RECORDS SHOWN |
···

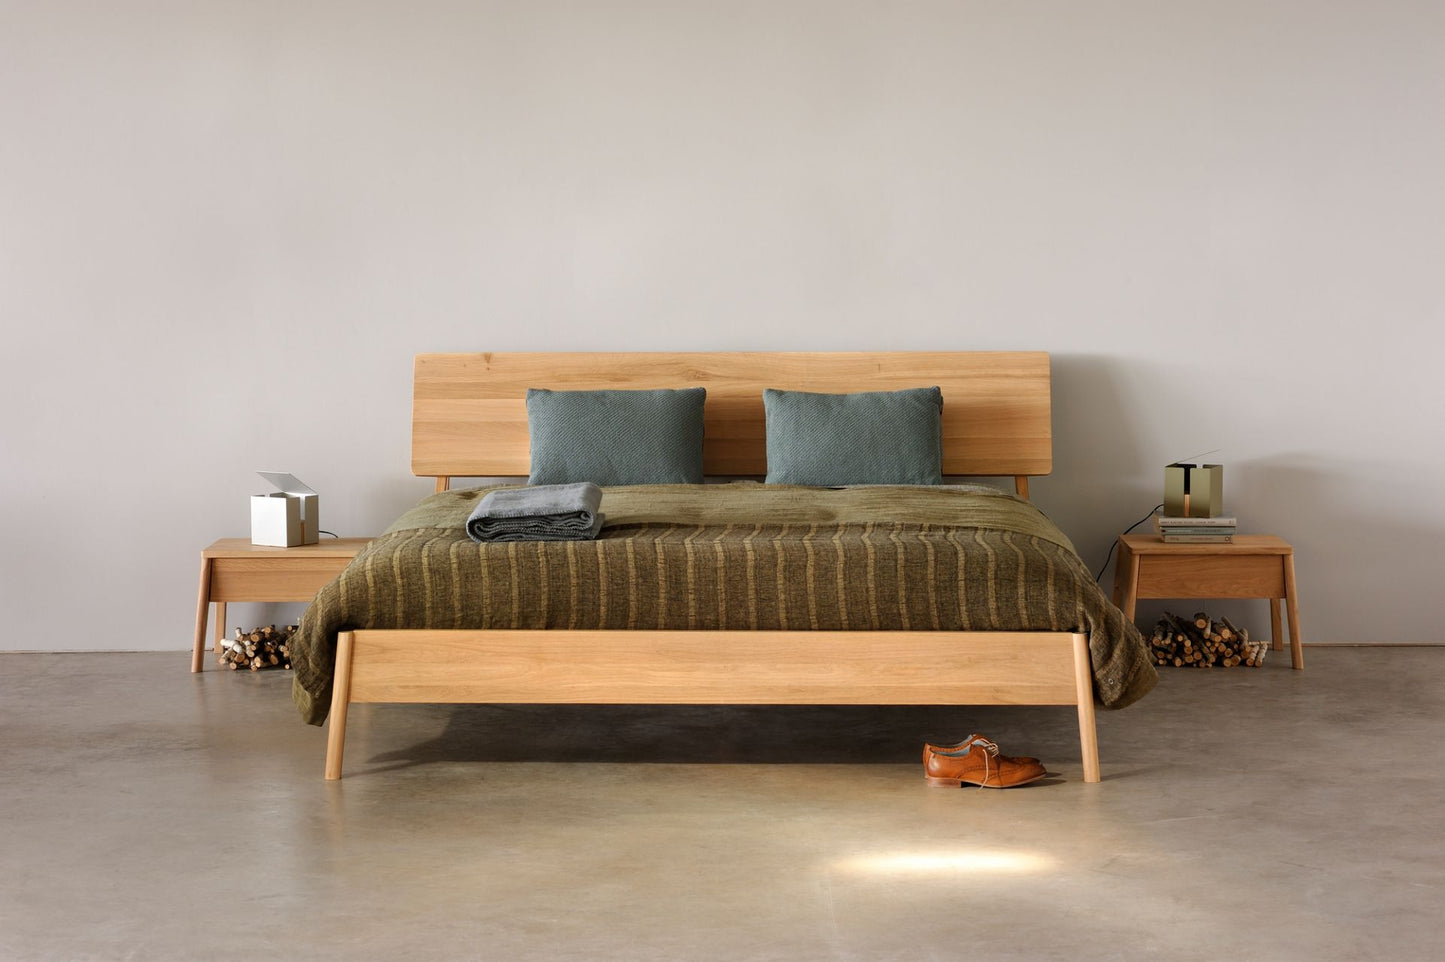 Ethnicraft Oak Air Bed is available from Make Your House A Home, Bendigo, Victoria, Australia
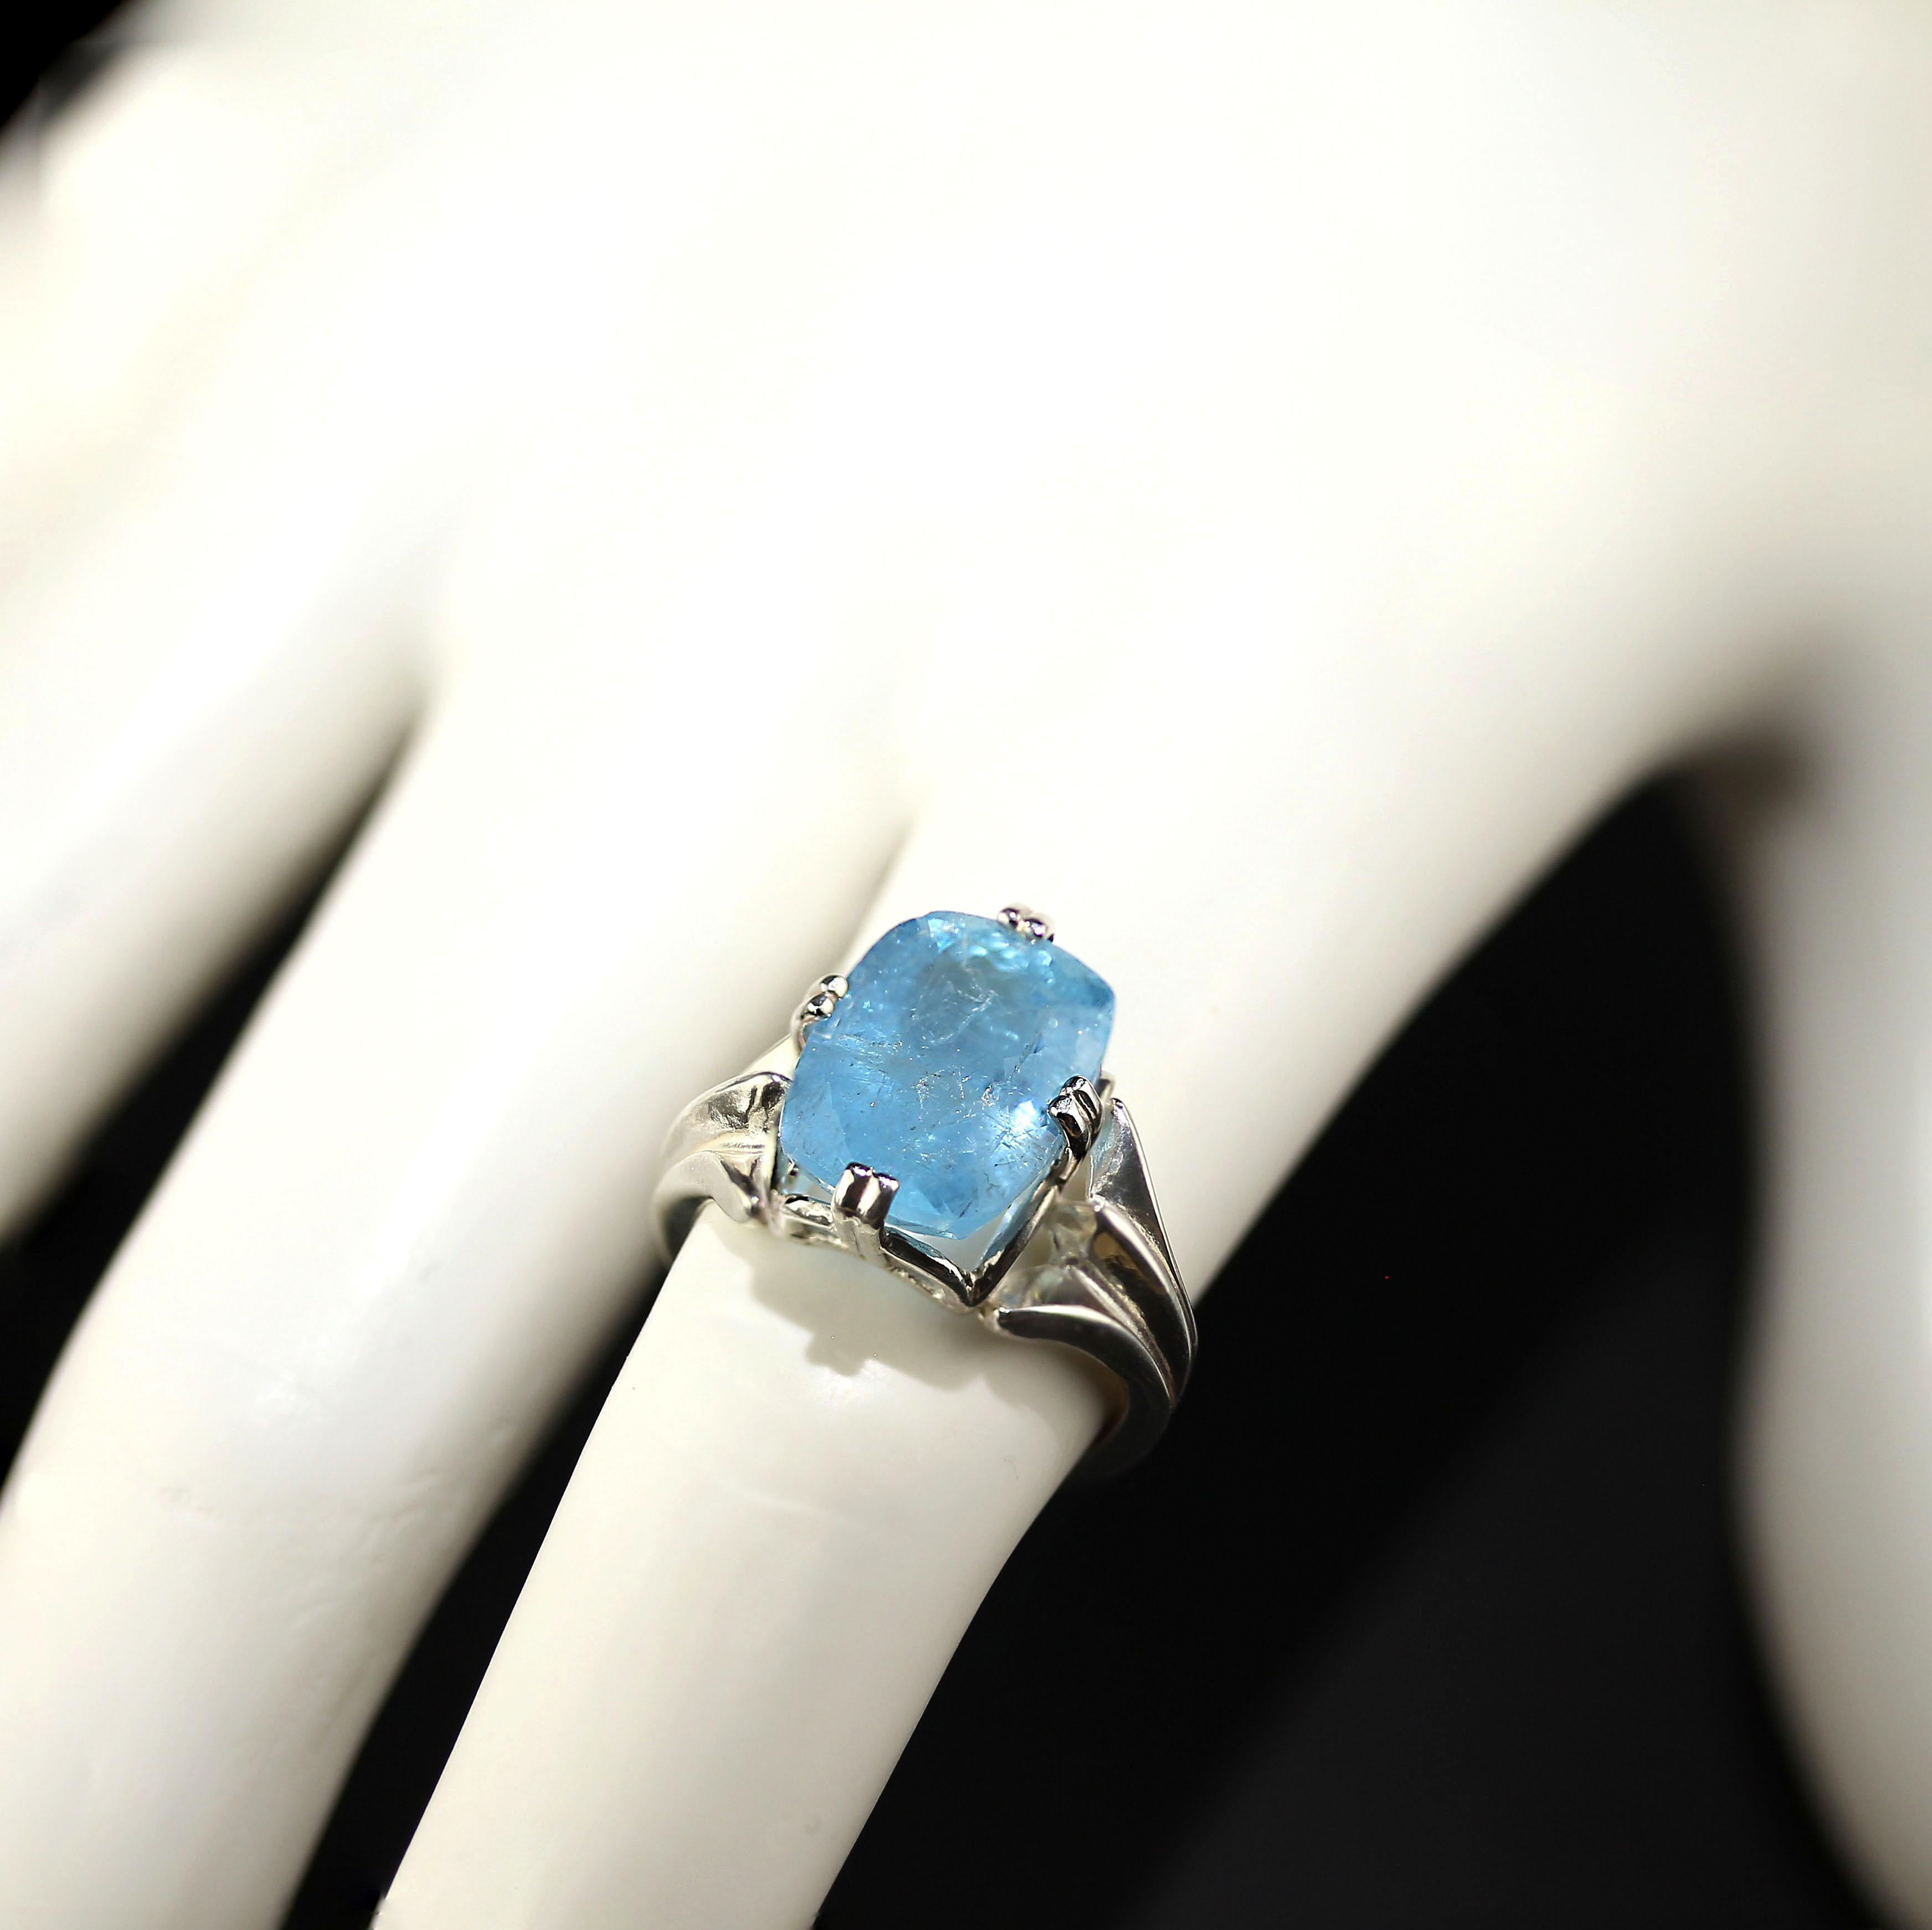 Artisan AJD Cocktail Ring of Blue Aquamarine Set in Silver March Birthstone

···

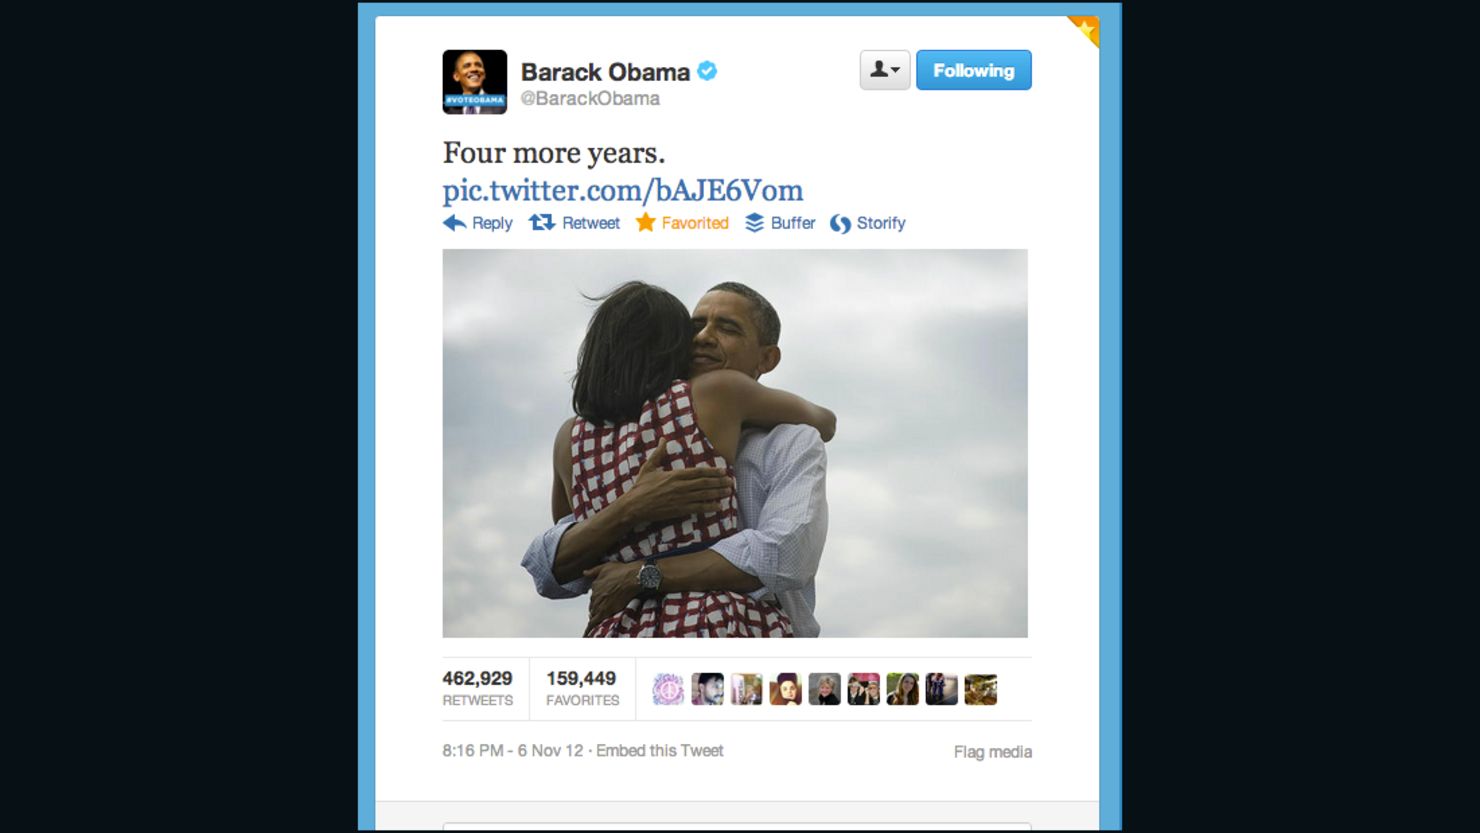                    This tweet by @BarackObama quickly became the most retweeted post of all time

···

WHAT NEEDS TO BE DONE |
From the records above, copy exactly the lines starting at the one with "Ethnicraft Oak Air" and ending at the one with "Artisan AJD Cocktail", and no others. Pictures stay out.

ANSWER FOR THE TASK |
 Ethnicraft Oak Air Bed is available from Make Your House A Home, Bendigo, Victoria, Australia
 Artisan AJD Cocktail Ring of Blue Aquamarine Set in Silver March Birthstone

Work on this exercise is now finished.